No you would not use -kenndur for known. _Þjófóttur_ would be the term for that.


----------



## Gavril

pollodia said:


> _-kenndur_ also means _-like_, as in:
> 
> vatnskenndur = water-like = watery
> 
> ...and many more.



So, would these sound alright?

_Olía er vatnskennt efni.

Tasmanískur úlfur_ [= Tasmanian wolf] _var úlfskennt pokadýr (þó ekki var hann reyndar úlfur)._


----------



## NoMoreMrIceGuy

Gavril said:


> So, would these sound alright?
> 
> _Olía er vatnskennt efni.
> 
> Tasmanískur úlfur_ [= Tasmanian wolf] _var úlfskennt pokadýr (þó ekki var hann reyndar úlfur)._



Isn't one of the defining elements of oil that it's not water, though? 
_
Olía er vökvakennt efni._ <--- This one works.

_Tasmaníutígurinn var úlfslíkt pokadýr._ <--- I'd use _-líkt_ here instead of _-kenndur_.


----------



## Gavril

NoMoreMrIceGuy said:


> Isn't one of the defining elements of oil that it's not water, though?
> _
> Olía er vökvakennt efni._ <--- This one works.
> 
> _Tasmaníutígurinn var úlfslíkt pokadýr._ <--- I'd use _-líkt_ here instead of _-kenndur_.

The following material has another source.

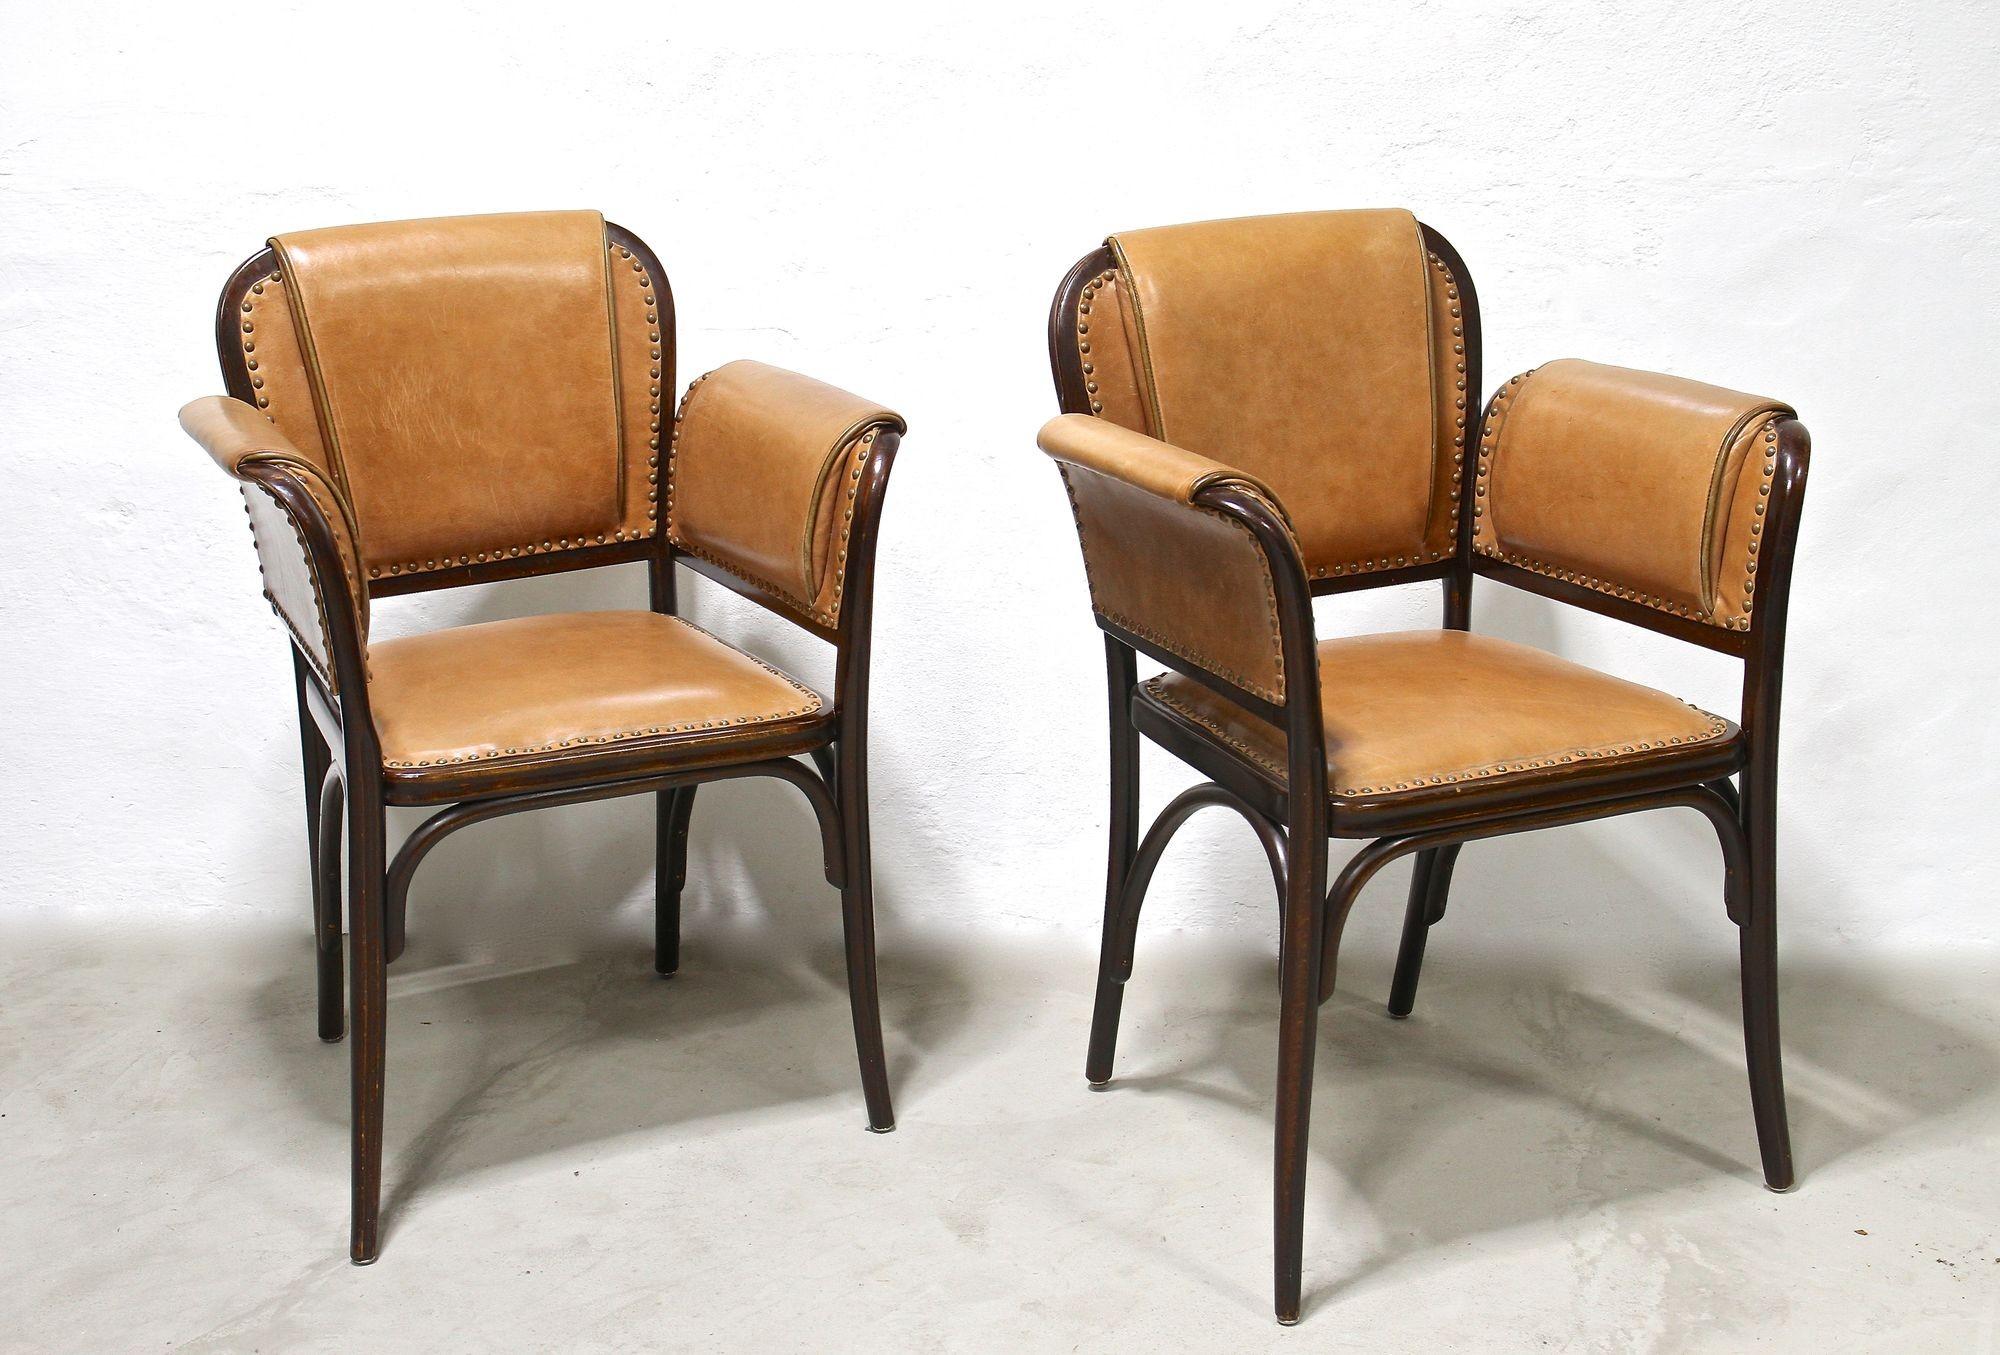 Pair of 20th Century Art Nouveau Bentwood Armchairs by Thonet, Austria, Ca. 1904 For Sale 8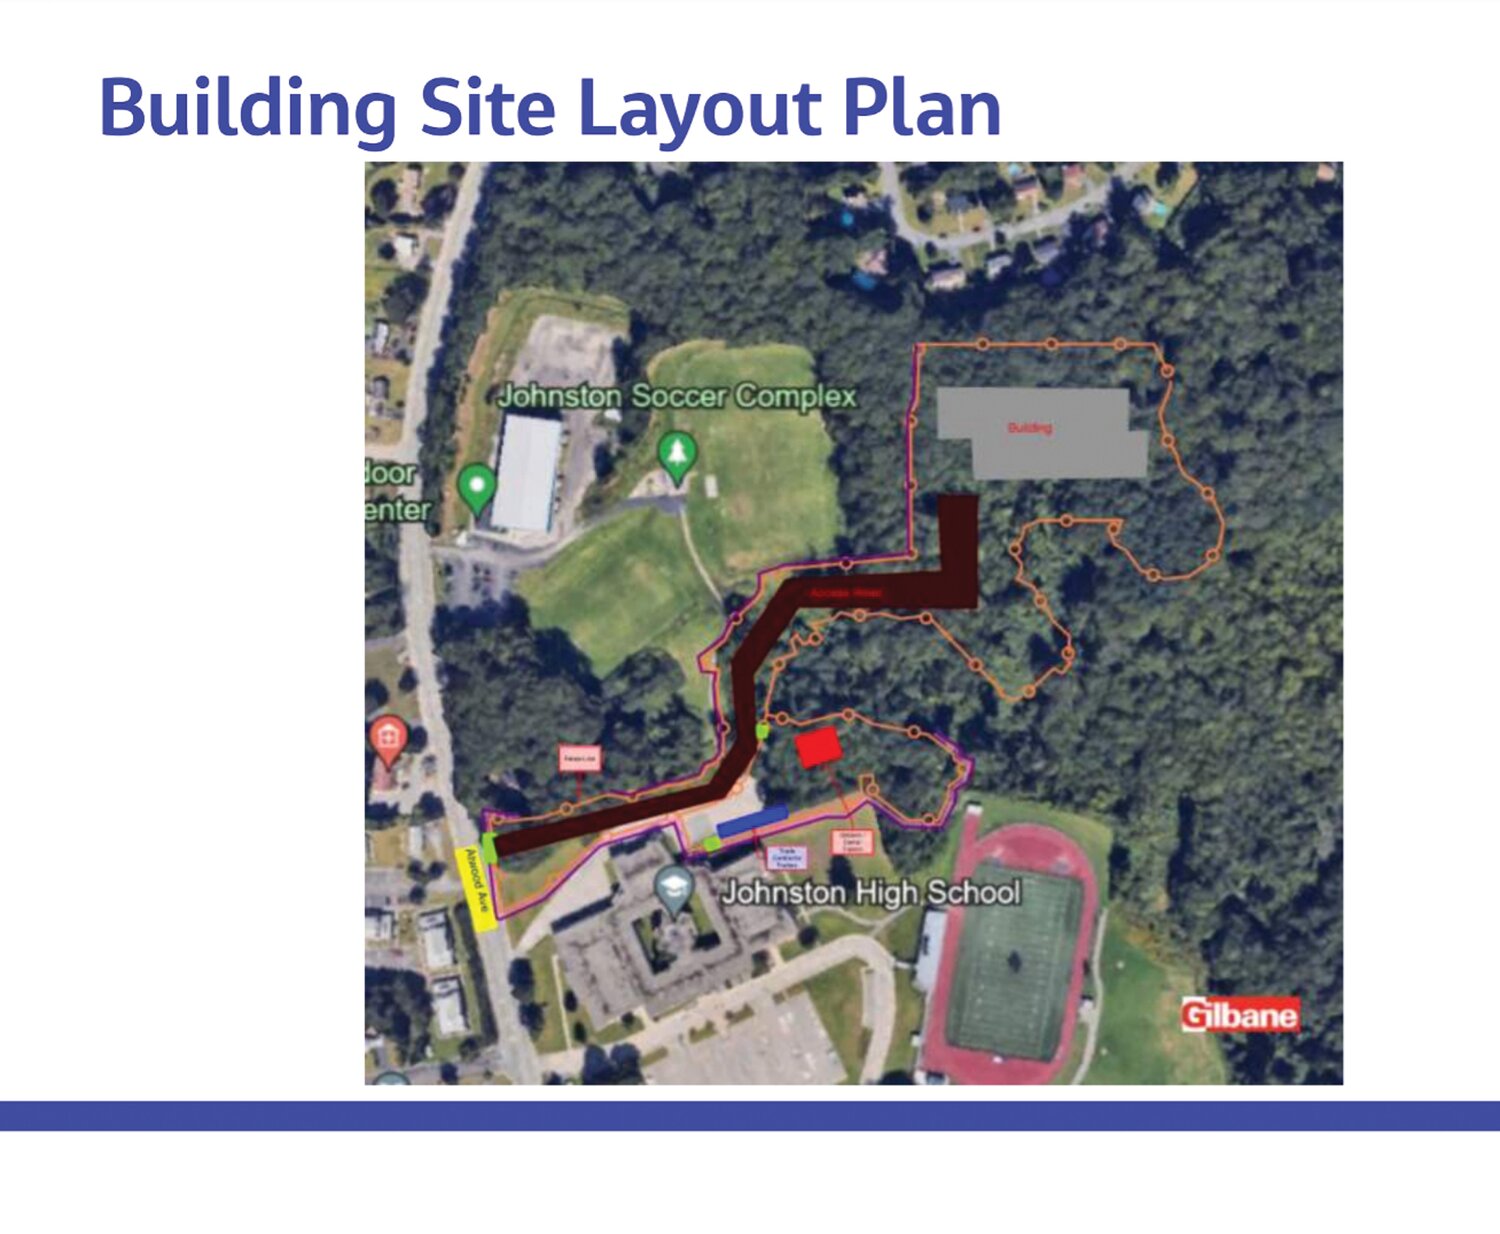 THE LOGISTICS: The Johnston School Committee met last week to approve preliminary contracts for work to begin at the new elementary school. (Courtesy images)

Hmm, still not sure that I understand.  How about these sentences:


_Vatn er vökvakennt efni.

Þó hann er fjörutíu ára gamall, hegðun hans er enn barnskennd.
_
_Hlynur er mjög laufskennt tré. _(= it has a lot of leaves)

_Edik er sýrukenndur vökvi._

_Vestmannaeyjar eru eldvirknikennt / eldstöðvarkennt svæði._


Or maybe Tazzler and Alxmrphi can point me to a section of an Icelandic grammar book where _-kenndur _adjectives are discussed?

Þakkir/Takk


----------